◆ WHAT IS BEING ASKED: Produce an exact transcription of the data, with the images left out.

=== AVAILABLE DATA ===

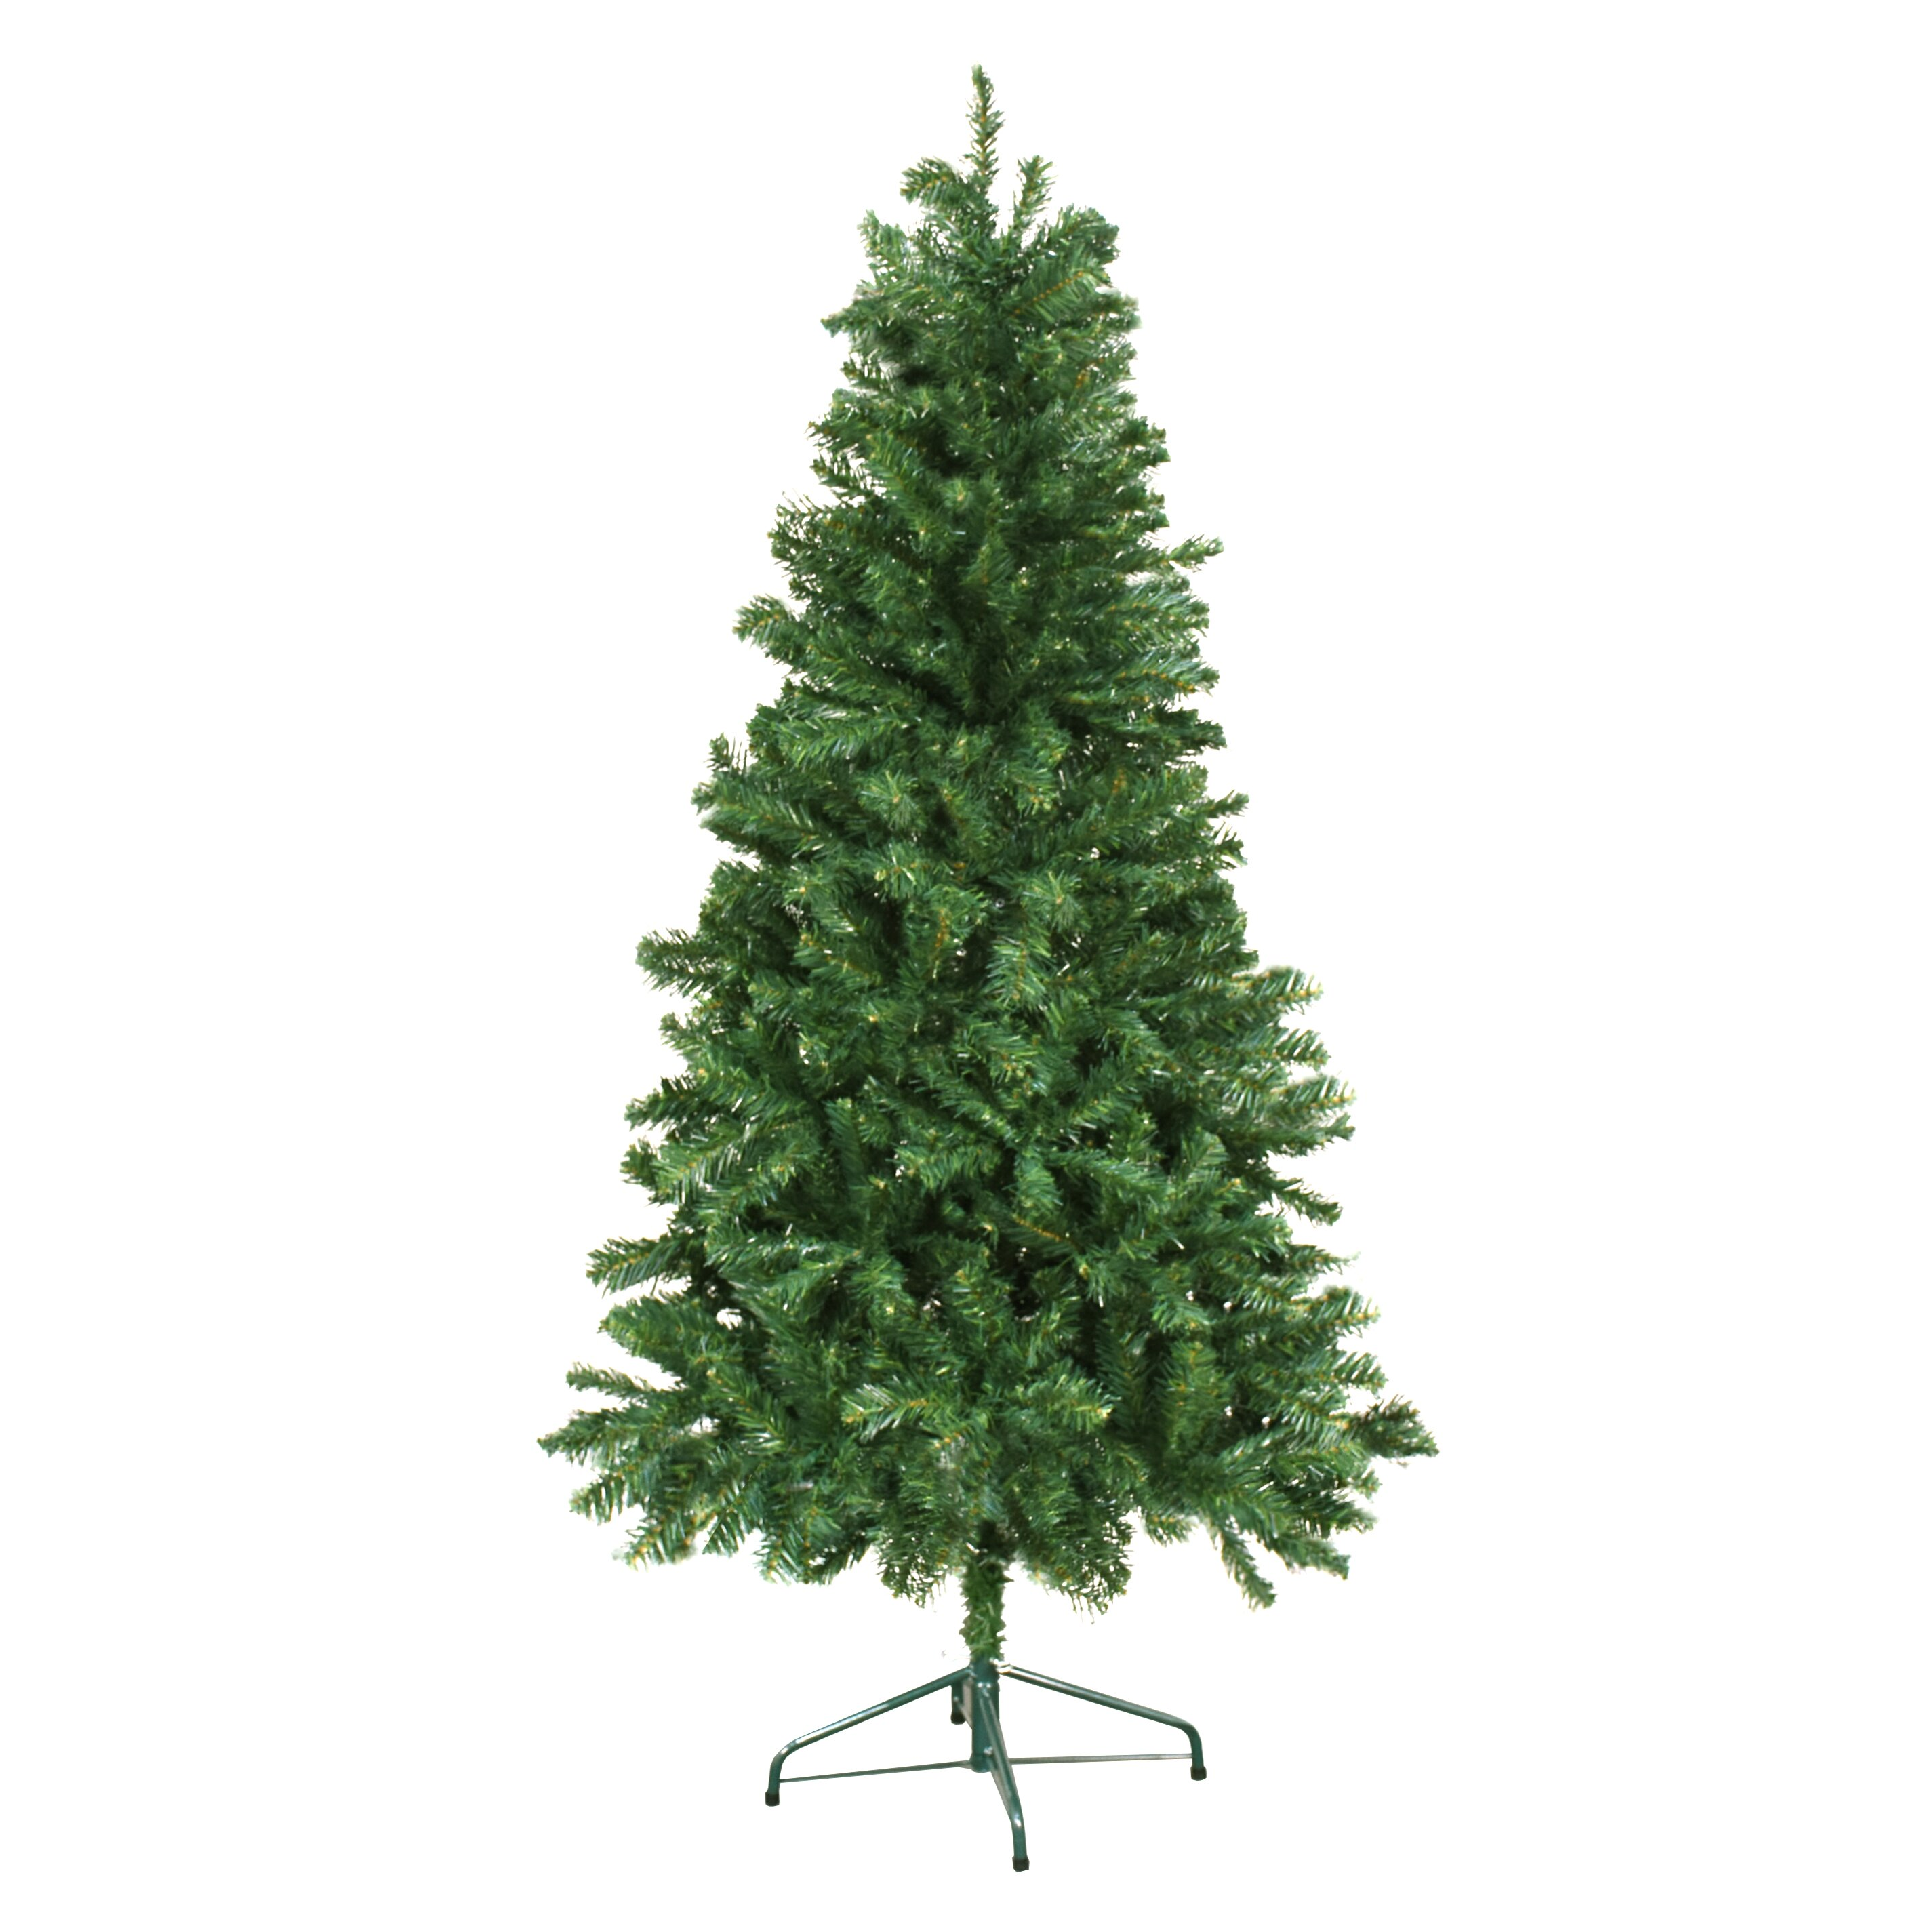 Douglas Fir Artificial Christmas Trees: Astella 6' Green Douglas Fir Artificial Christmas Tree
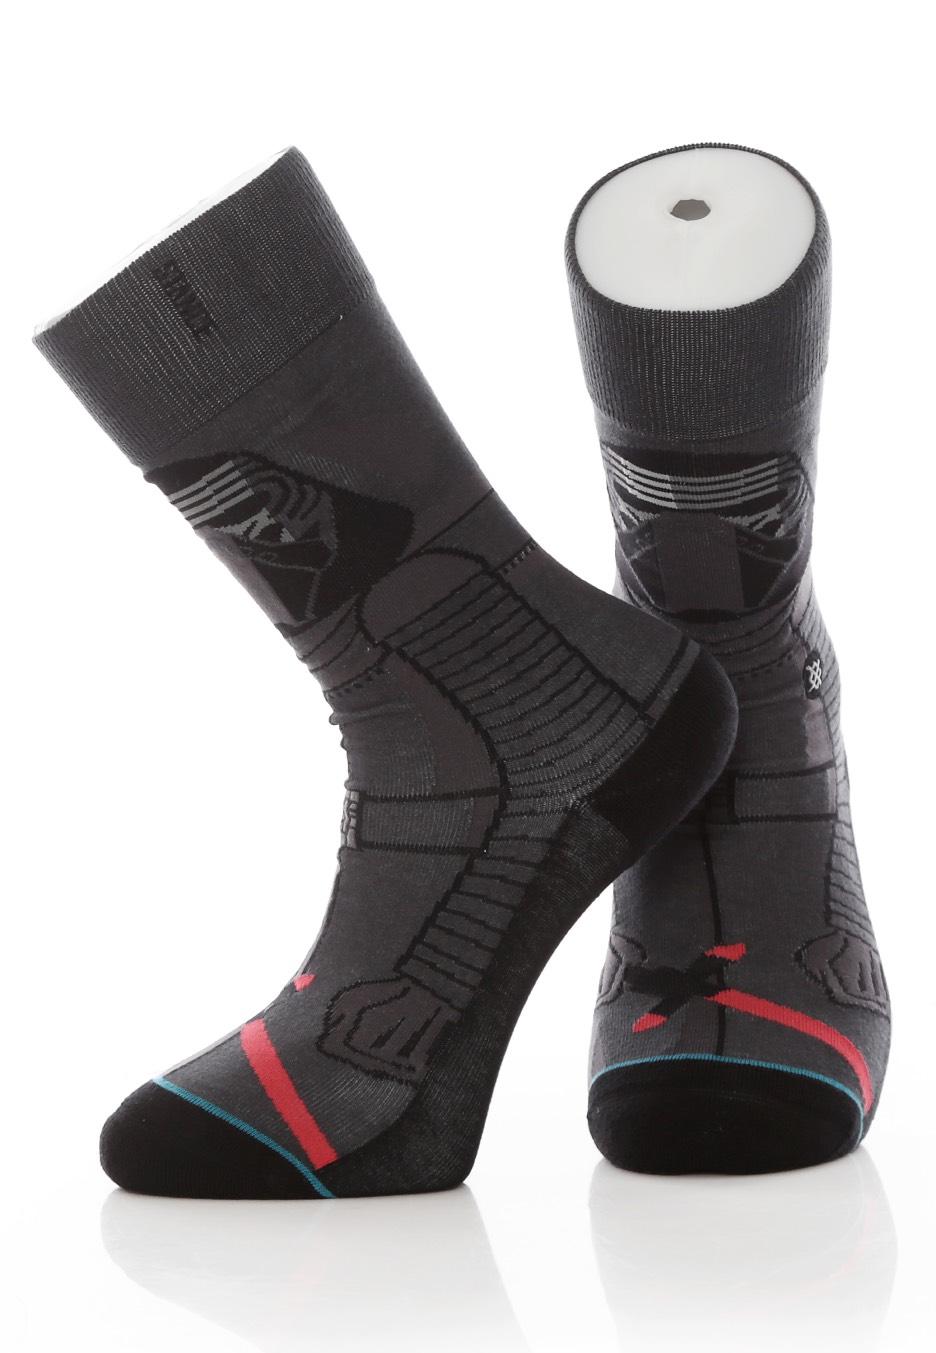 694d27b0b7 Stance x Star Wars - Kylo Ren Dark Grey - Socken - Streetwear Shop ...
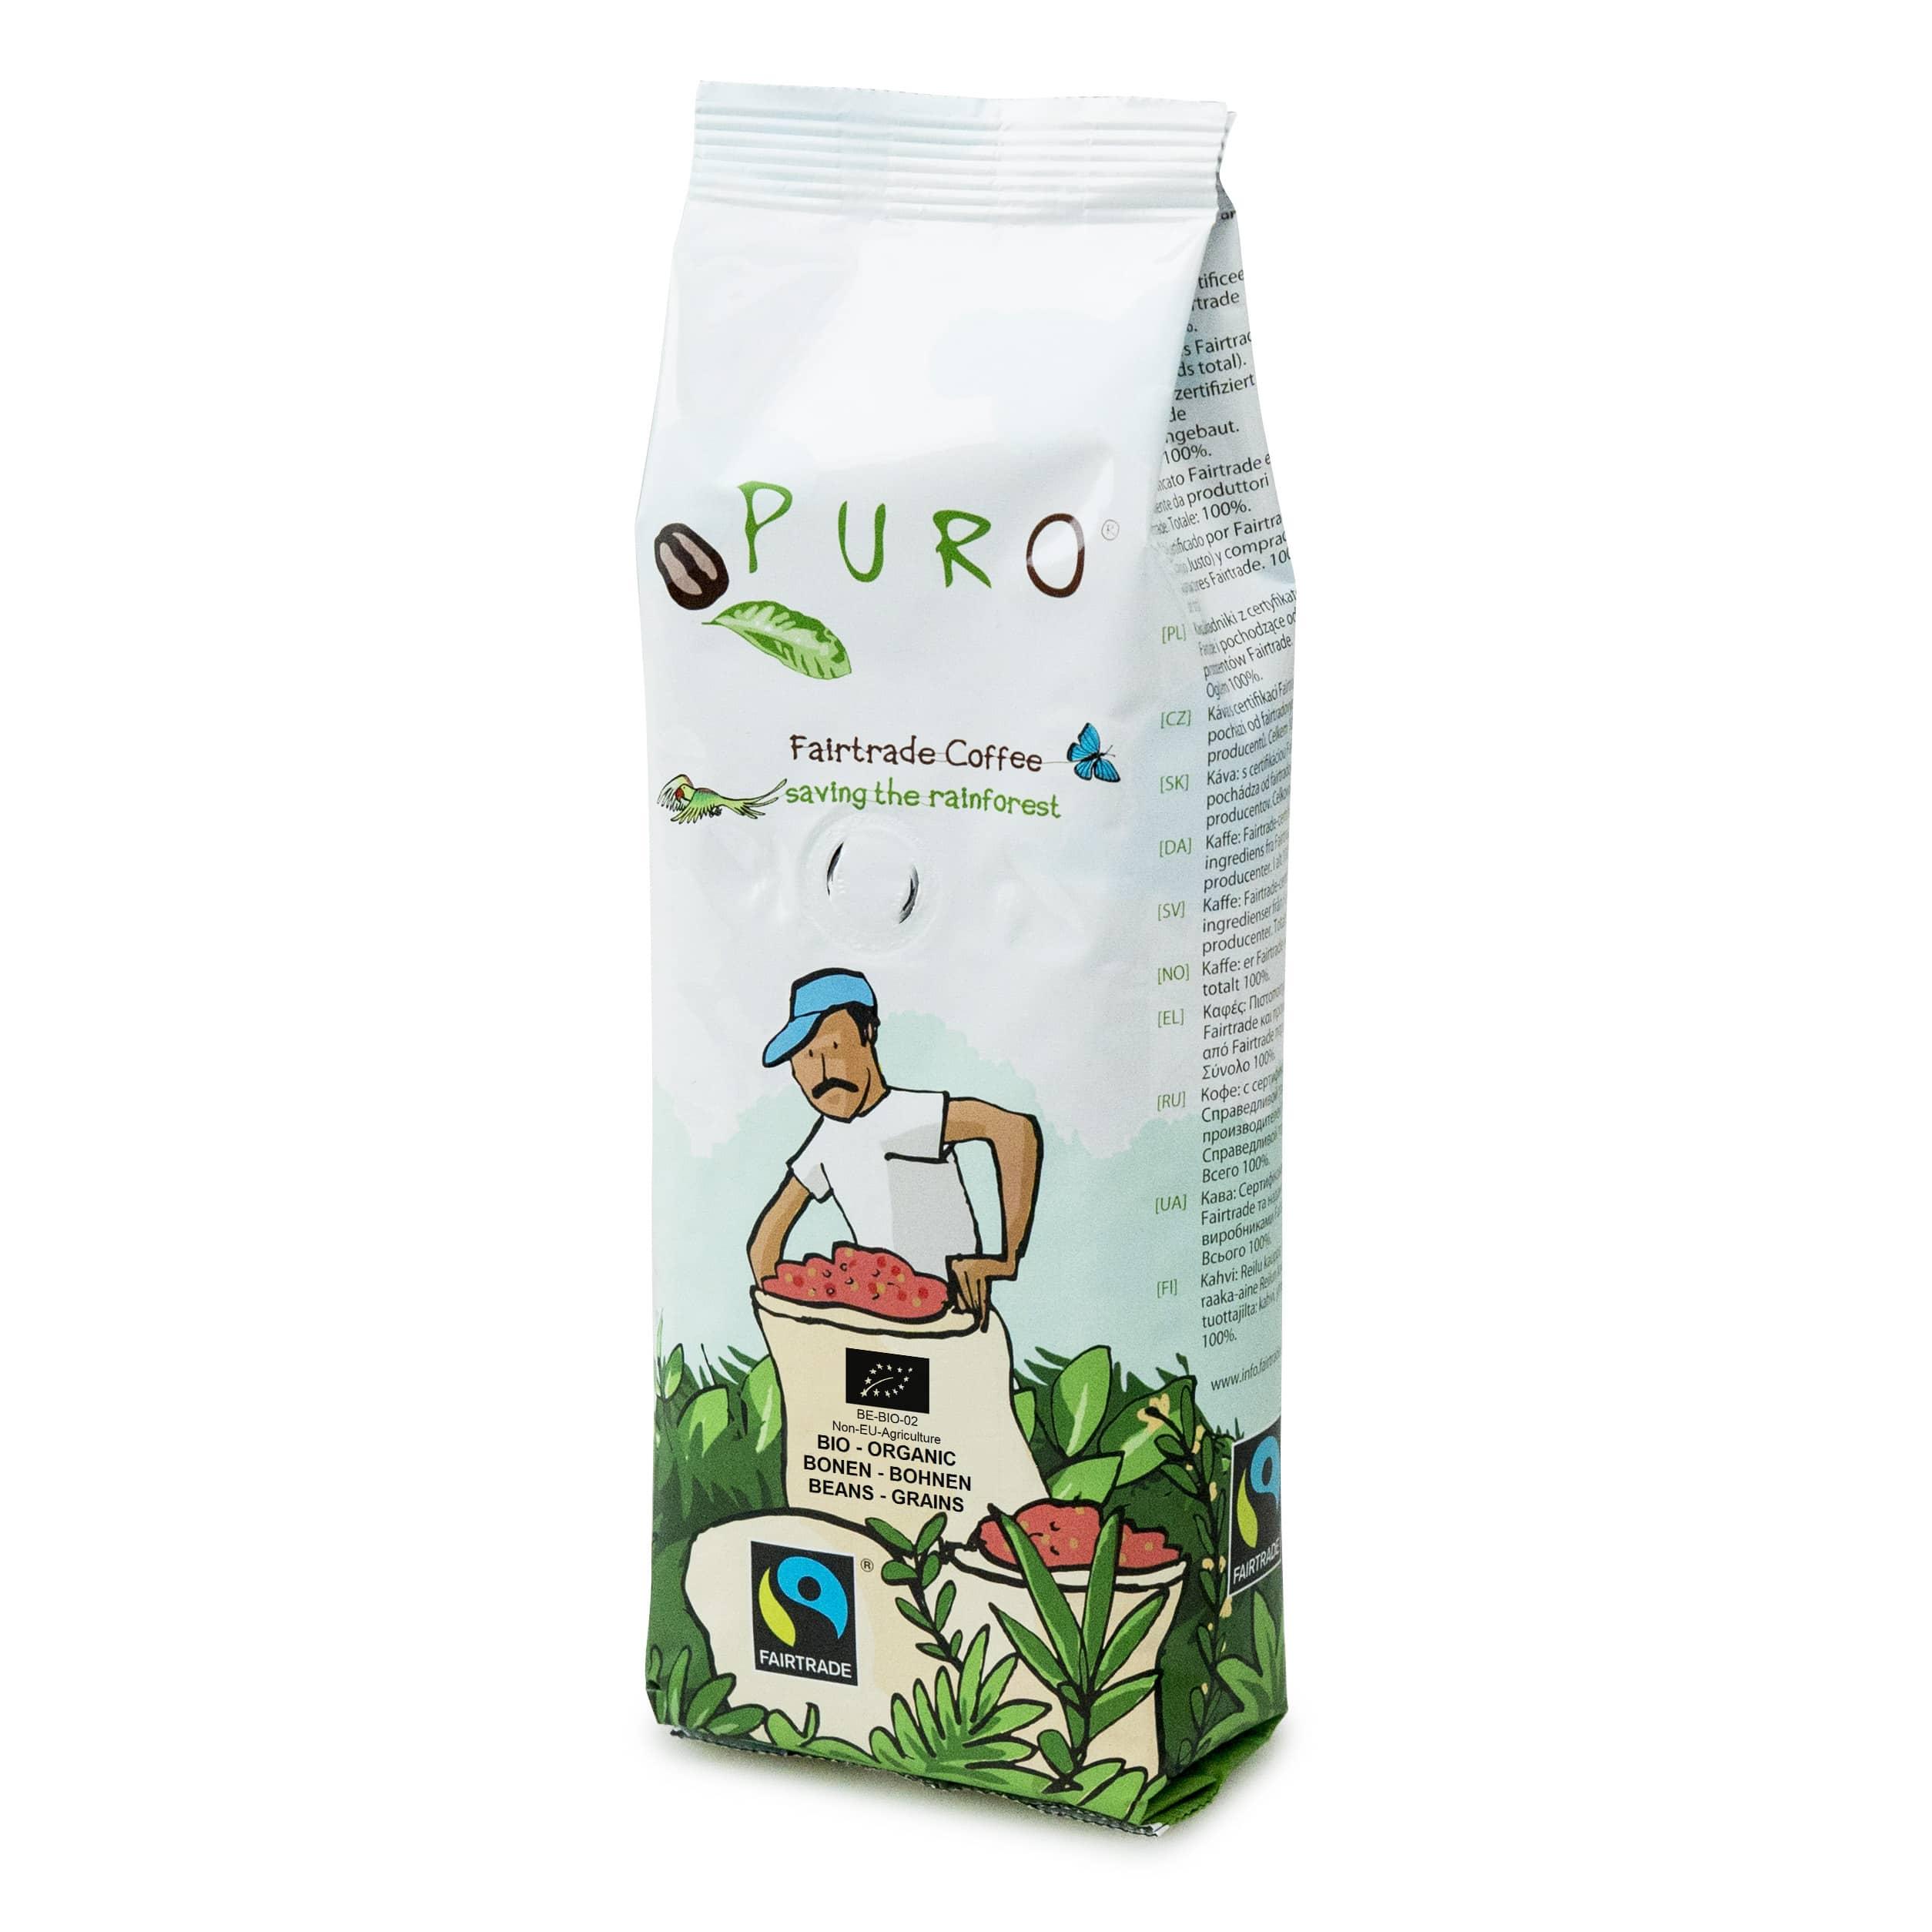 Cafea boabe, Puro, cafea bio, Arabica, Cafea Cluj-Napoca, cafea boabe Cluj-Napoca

===

◆ SOLUTION TO THIS PROBLEM:
 Douglas Fir Artificial Christmas Trees: Astella 6' Green Douglas Fir Artificial Christmas Tree
 694d27b0b7 Stance x Star Wars - Kylo Ren Dark Grey - Socken - Streetwear Shop ...
 Cafea boabe, Puro, cafea bio, Arabica, Cafea Cluj-Napoca, cafea boabe Cluj-Napoca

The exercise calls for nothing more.